# Solved: Safari full screen



## Skyholder (May 29, 2000)

Curious...
On a Windows system, I can make I.E. full screen with F11, so the menu bar is gone.
Is there a similar ability with Safari?


----------



## leroys1000 (Aug 16, 2007)

Cmd-Shft-F

http://www.keyxl.com/aaa8ceb/93/Apple-Safari-web-browser-keyboard-shortcuts.htm


----------



## Headrush (Feb 9, 2005)

Do you mean full screen or maximized to use full screen.

OS X Lion has real "full screen" support in Safari.
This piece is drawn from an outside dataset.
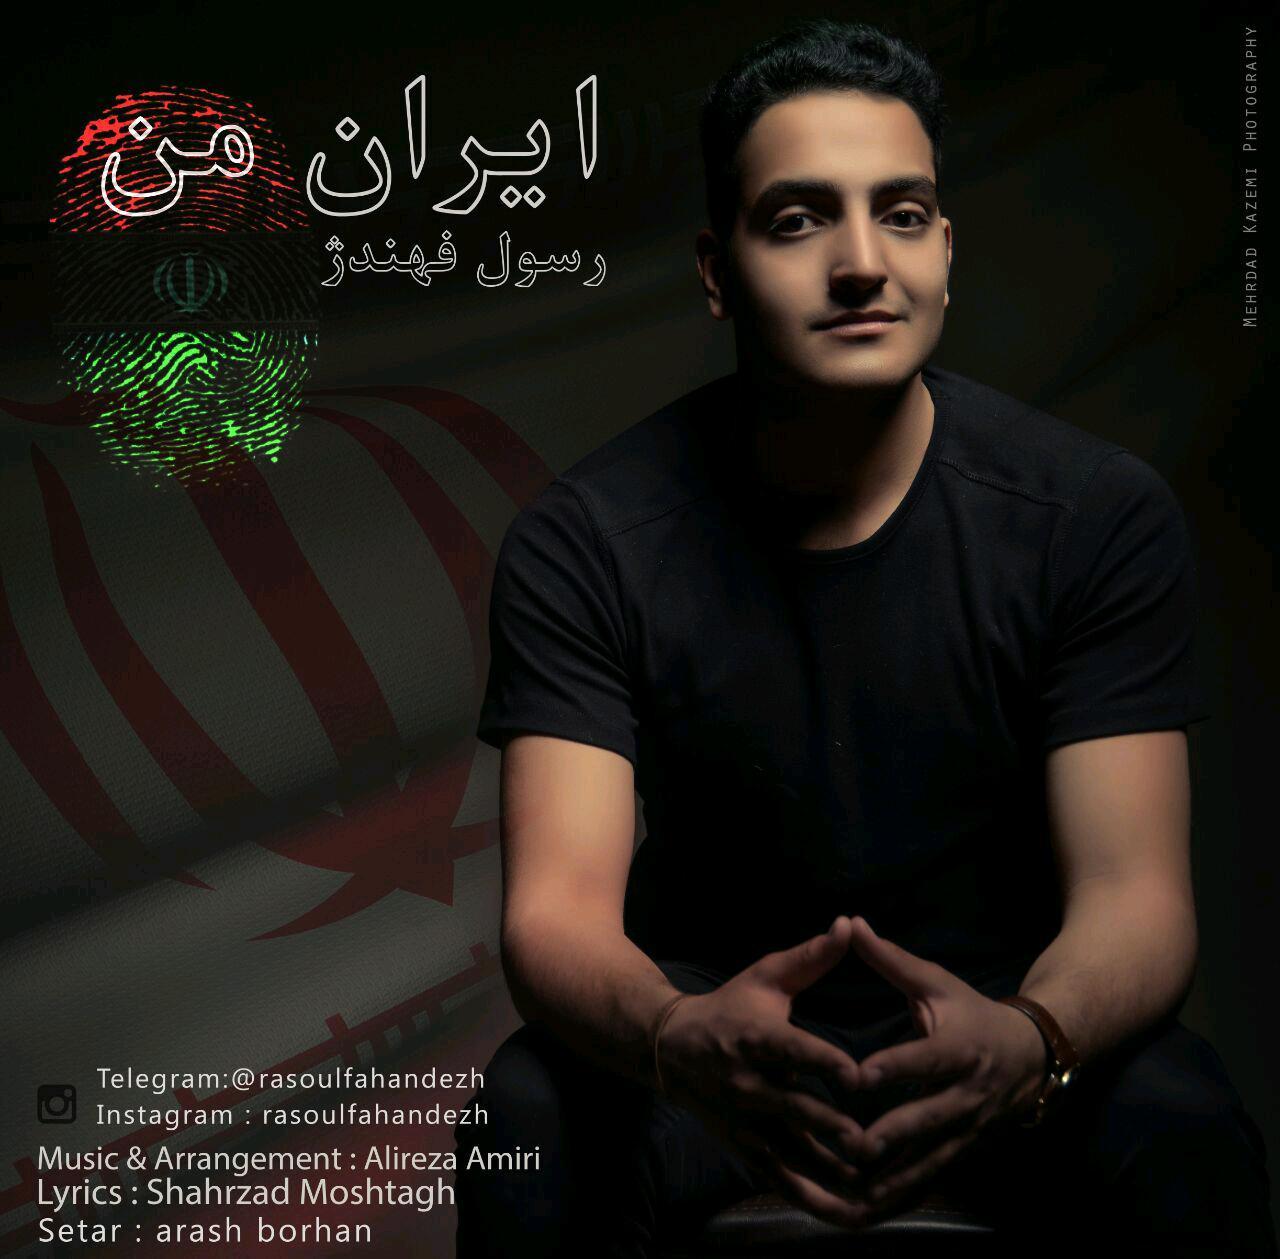 دانلود آهنگ جدید رسول فهندژ به نام ایران من

In the mean time, to maximize to use the most space while maintaining desktop, you could try : http://sixfoot1.com/safari-extensions/resizer/

There is also: http://www.apfelquak.de/2010/06/12/maximize-safari-extension/ and http://web.me.com/aaronholla/Safari_Extensions/ResizeMe.html

(Though I haven't used either so can't speak on first hand knowledge)


----------



## Skyholder (May 29, 2000)

Cmd-Shft-F seems to have no effect. 

And I mean "Full screen." I mean no menu bar, no "docking station".

On a windows system, F-11 was the short cut to "full screen"

Thanks. I'll be getting the OS X Lion, this week.


----------